Pictures stay out; print the rest of the listing below exactly as it stands.

> DATA SECTION:

────────────────

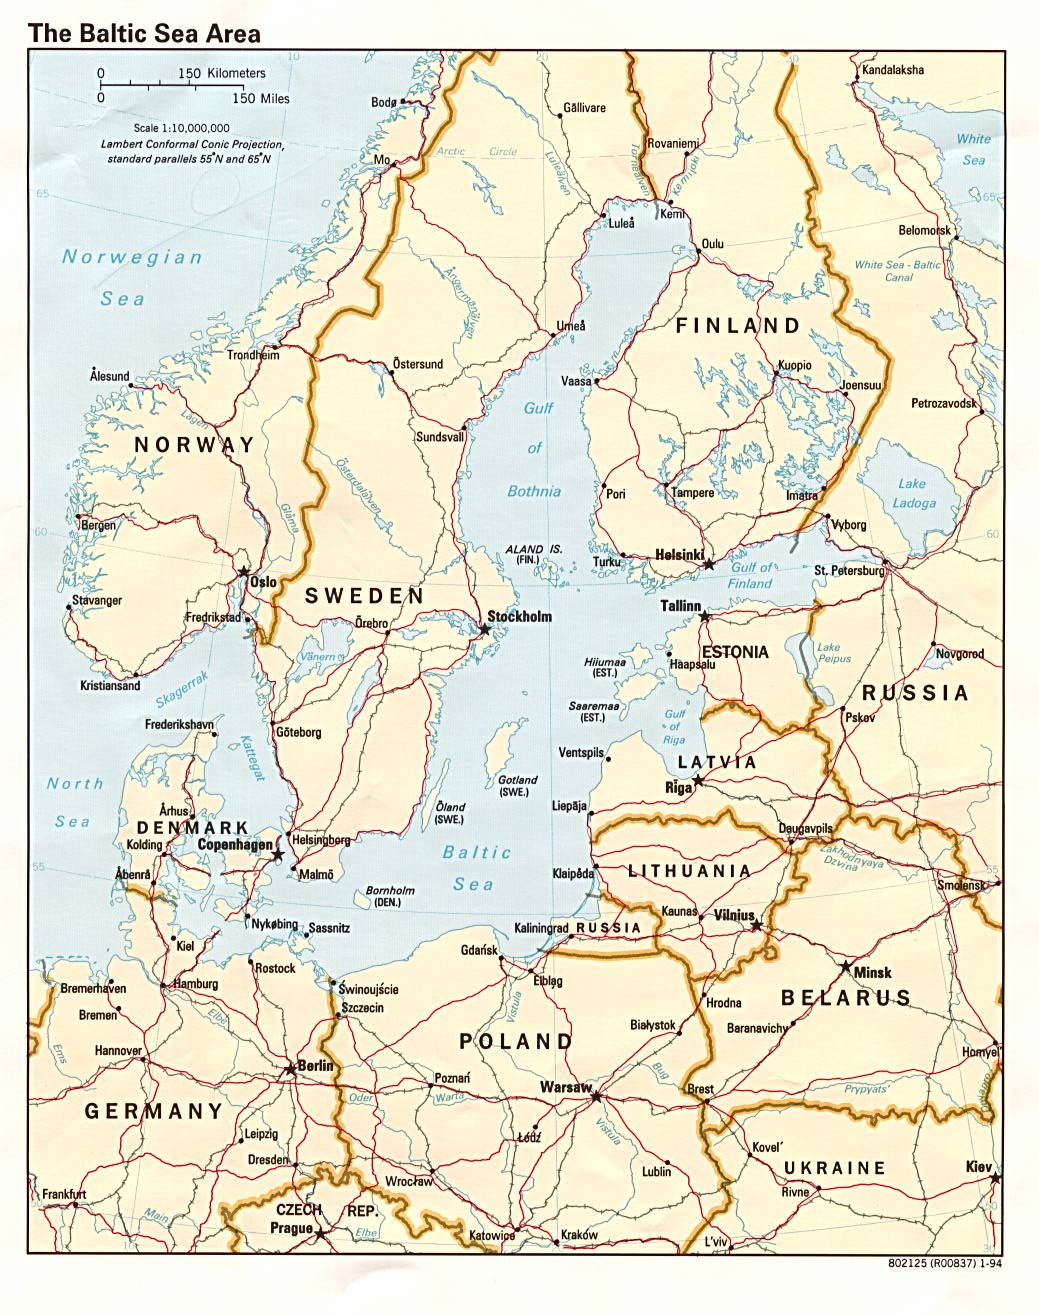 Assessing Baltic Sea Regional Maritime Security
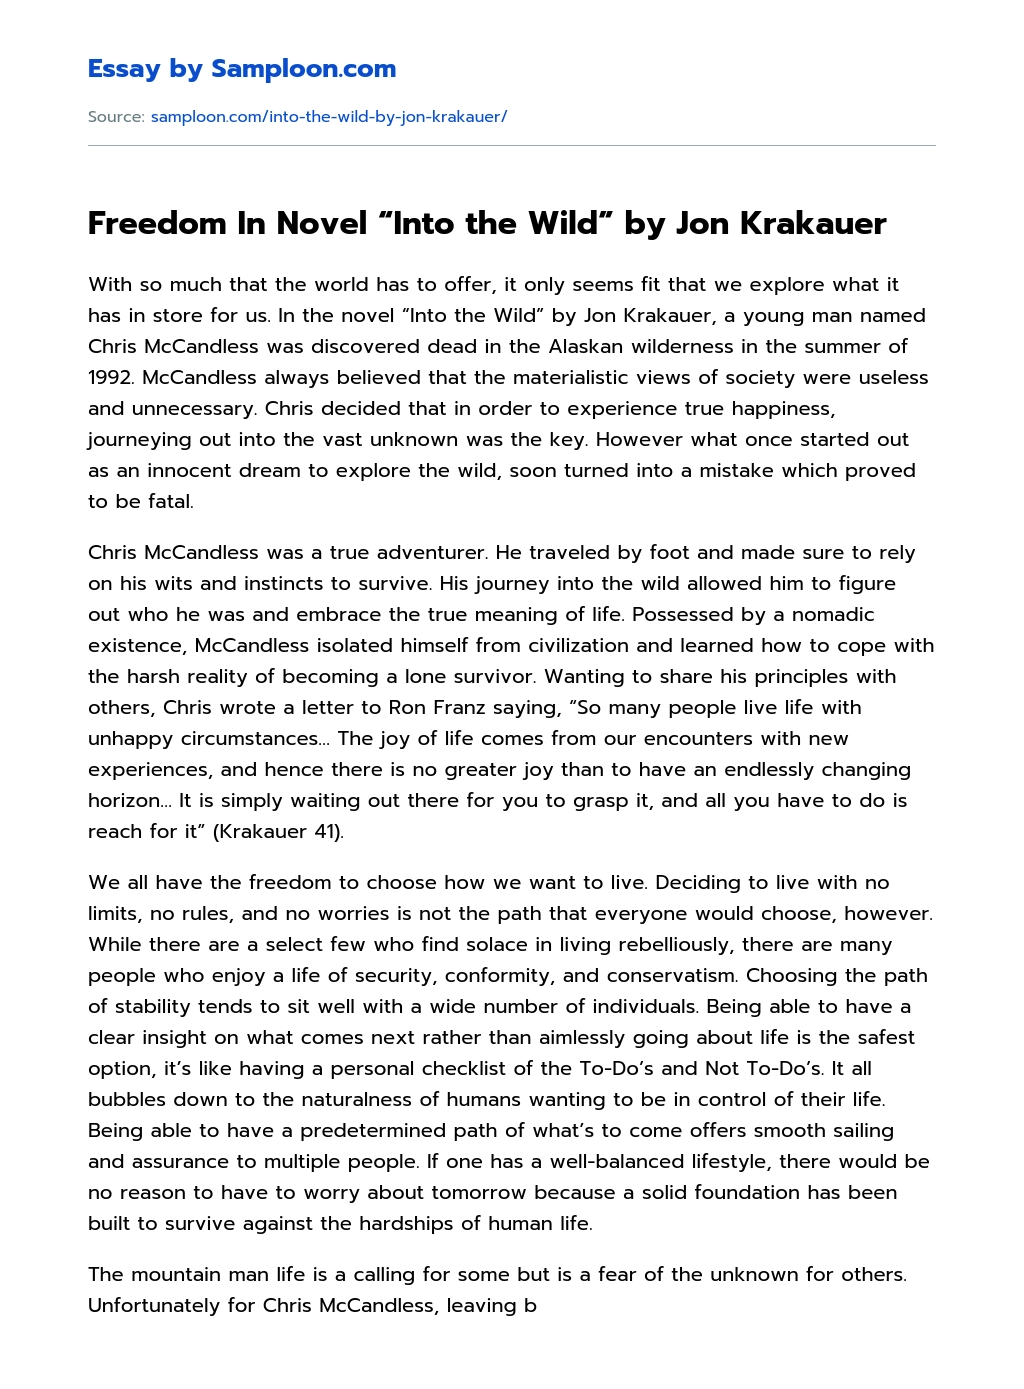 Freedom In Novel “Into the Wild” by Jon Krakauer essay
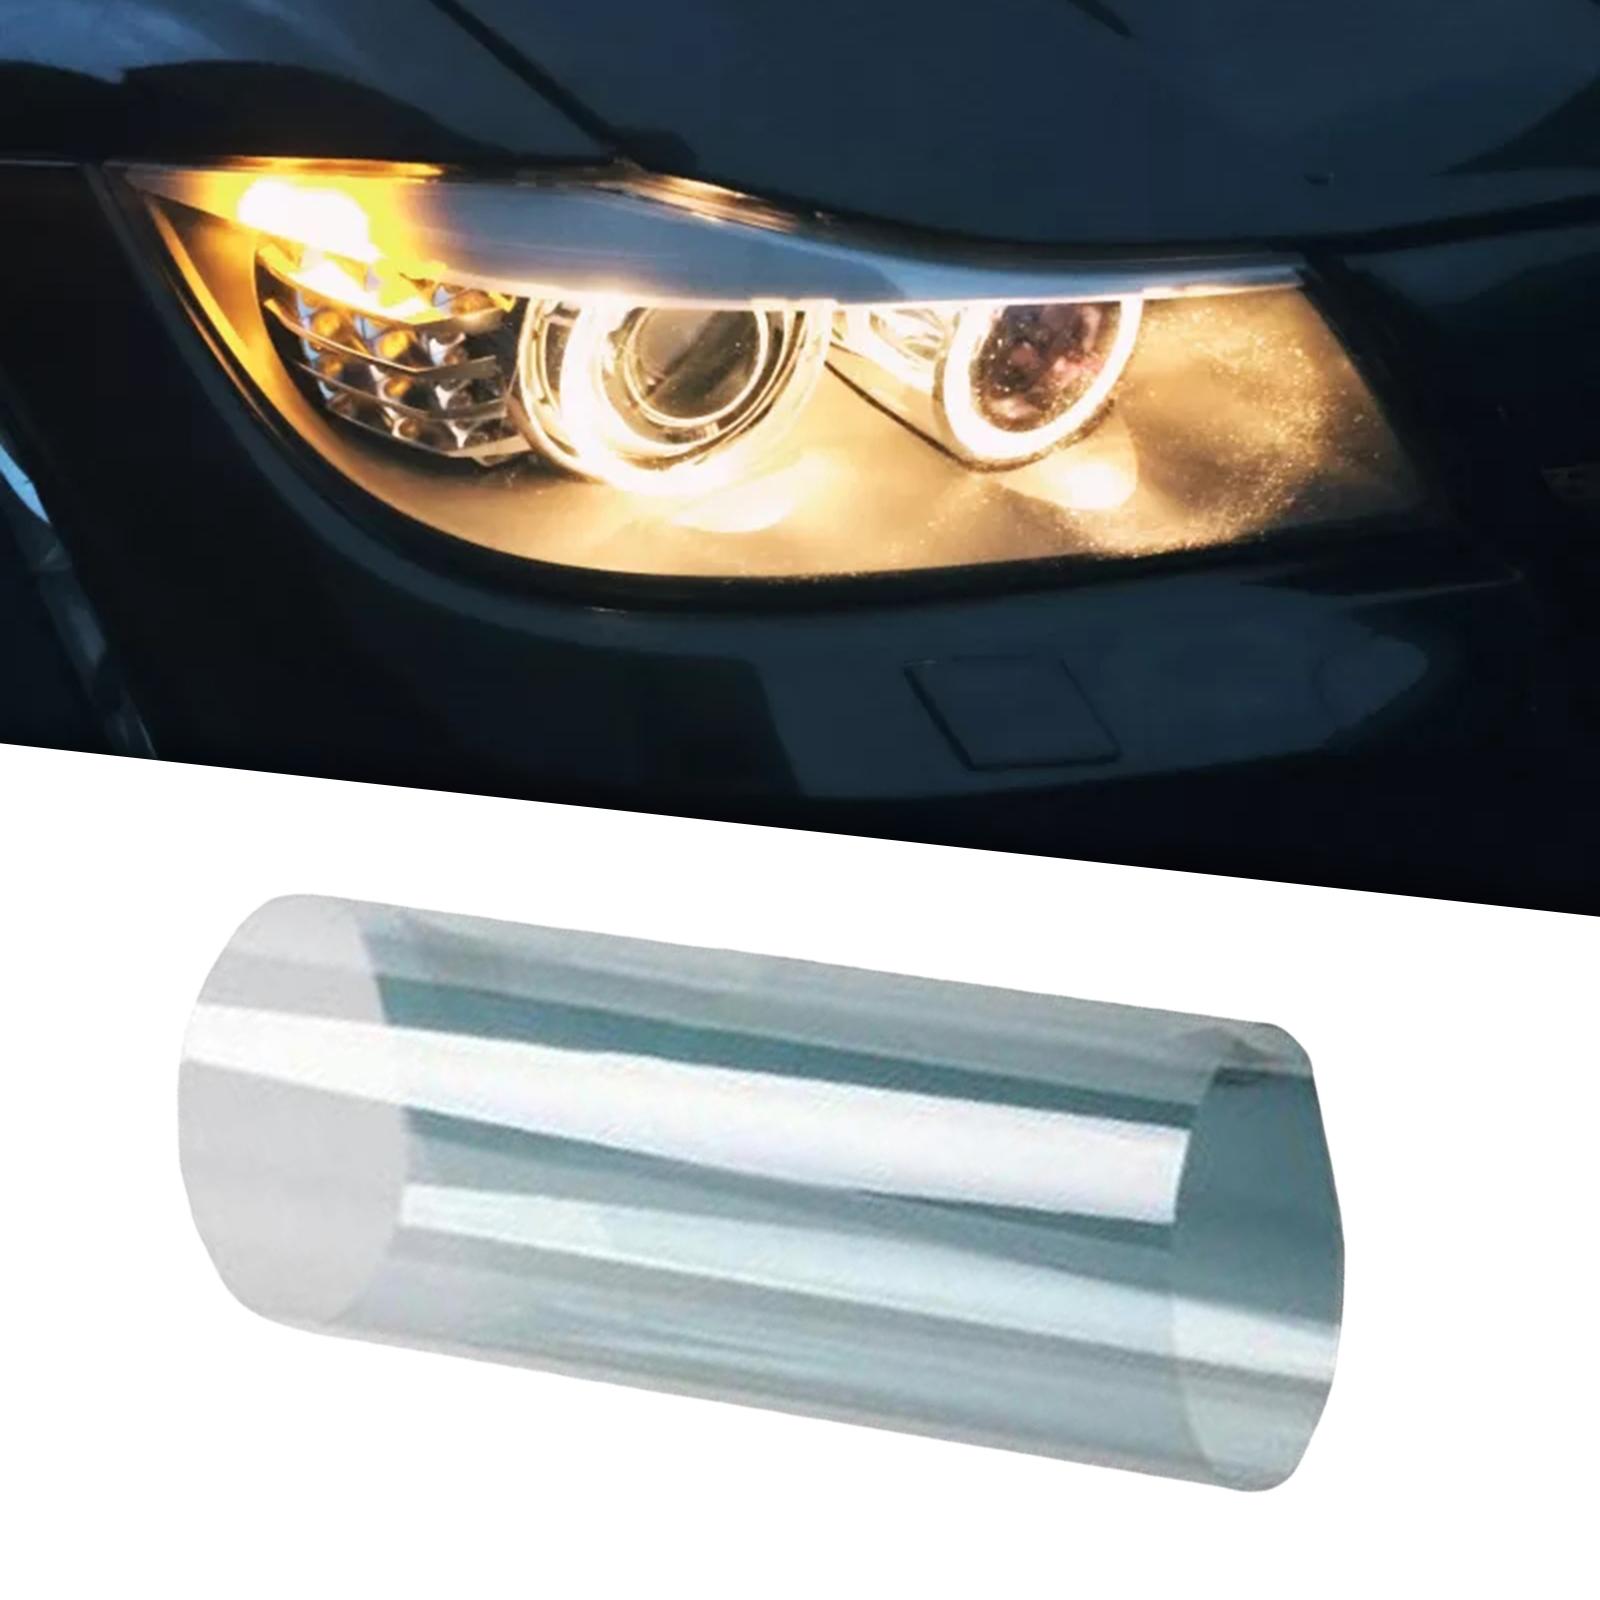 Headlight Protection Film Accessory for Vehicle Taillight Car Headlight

────────────────

> RESPONSE TO THIS EXERCISE:
 Assessing Baltic Sea Regional Maritime Security
 Freedom In Novel “Into the Wild” by Jon Krakauer essay
 Headlight Protection Film Accessory for Vehicle Taillight Car Headlight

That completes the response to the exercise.